Analogously, while eno3 is a DSA master and receives DSA-tagged traffic
(so it is useless for direct IP termination), eno2 receives DSA untagged
traffic and is therefore an IP termination endpoint into a switched
network.

What we do in this case is put tc-frer rules for stream replication and
recovery on swp4 itself, and we use eno2 as the convergence point for
locally terminated streams.

However, naturally, a hardware design that does not look like this can't
terminate traffic like this.

My idea was that it might be better if FRER was its own virtual network
interface (like a bridge), with multiple slave interfaces.

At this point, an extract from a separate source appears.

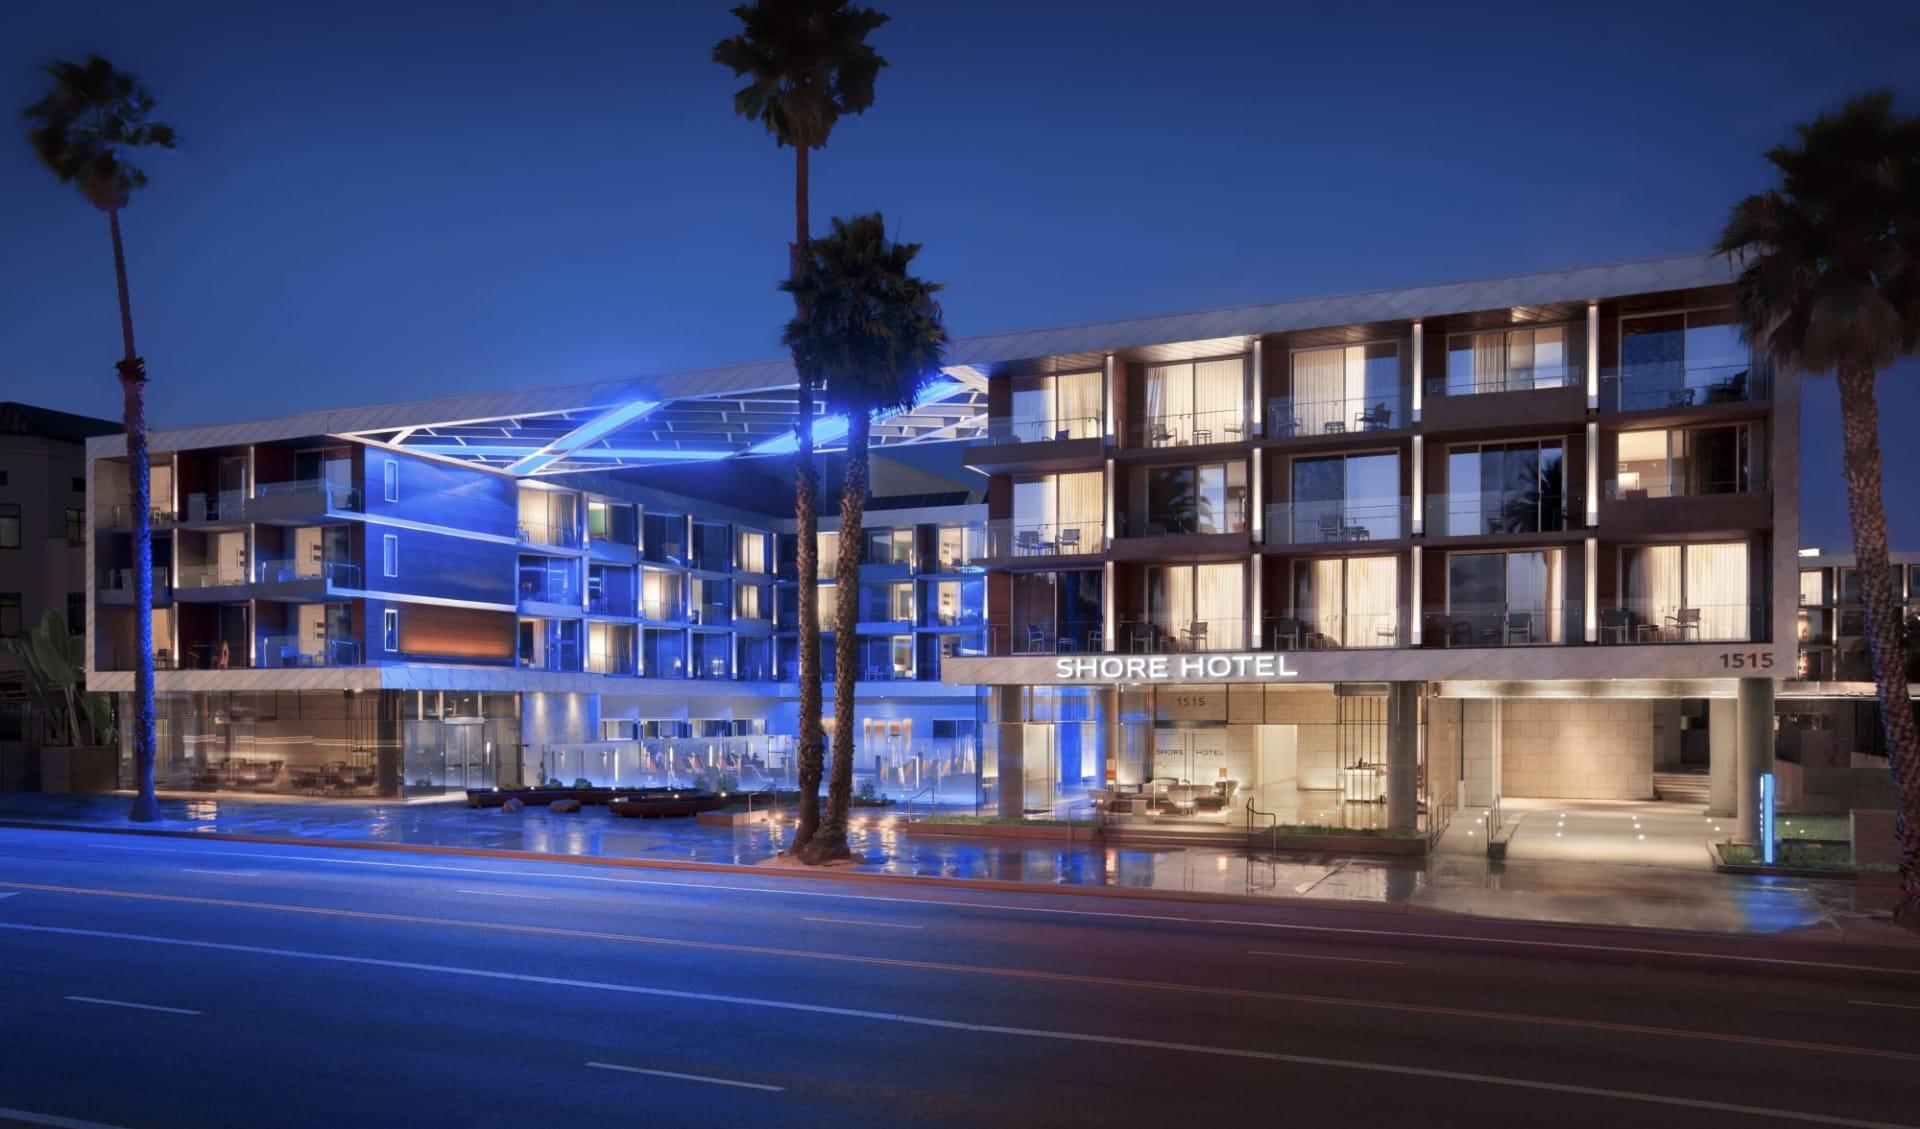 Shore Hotel in Santa Monica:  Shore Hotel - Aussenansicht bei Nacht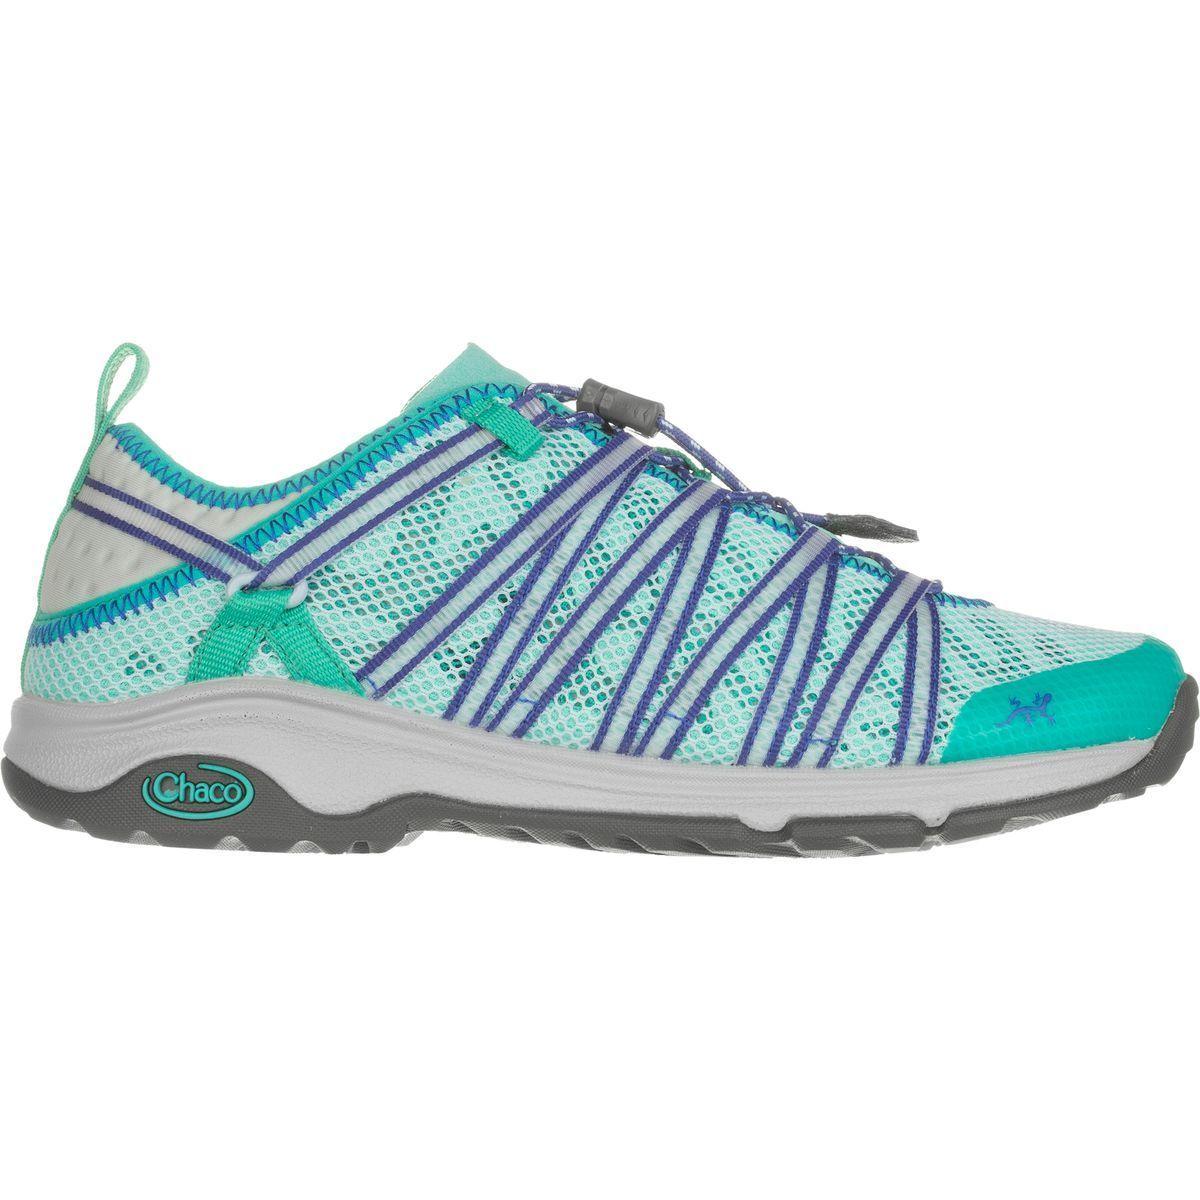 Chaco Outcross Evo 1.5 Water Shoe - Women's

The FRER net
device could keep its own database of streams and actions (completely
outside of tc) which would be managed similar to "bridge fdb add ...".
This way, the frer0 netdevice would be the local termination endpoint,
logically speaking.

What I don't know for sure is if a FRER netdevice is supposed to forward
frames which aren't in its list of streams (and if so, by which rules).
Because if a FRER netdevice is supposed to behave like a regular bridge
for non-streams, the implication is that the FRER logic should then be
integrated into the Linux bridge.

Also, this new FRER software model complicates the offloading on NXP
LS1028A, but let's leave that aside, since it shouldn't really be the
decisive factor on what should the software model look like.

Do you have any comments on this topic?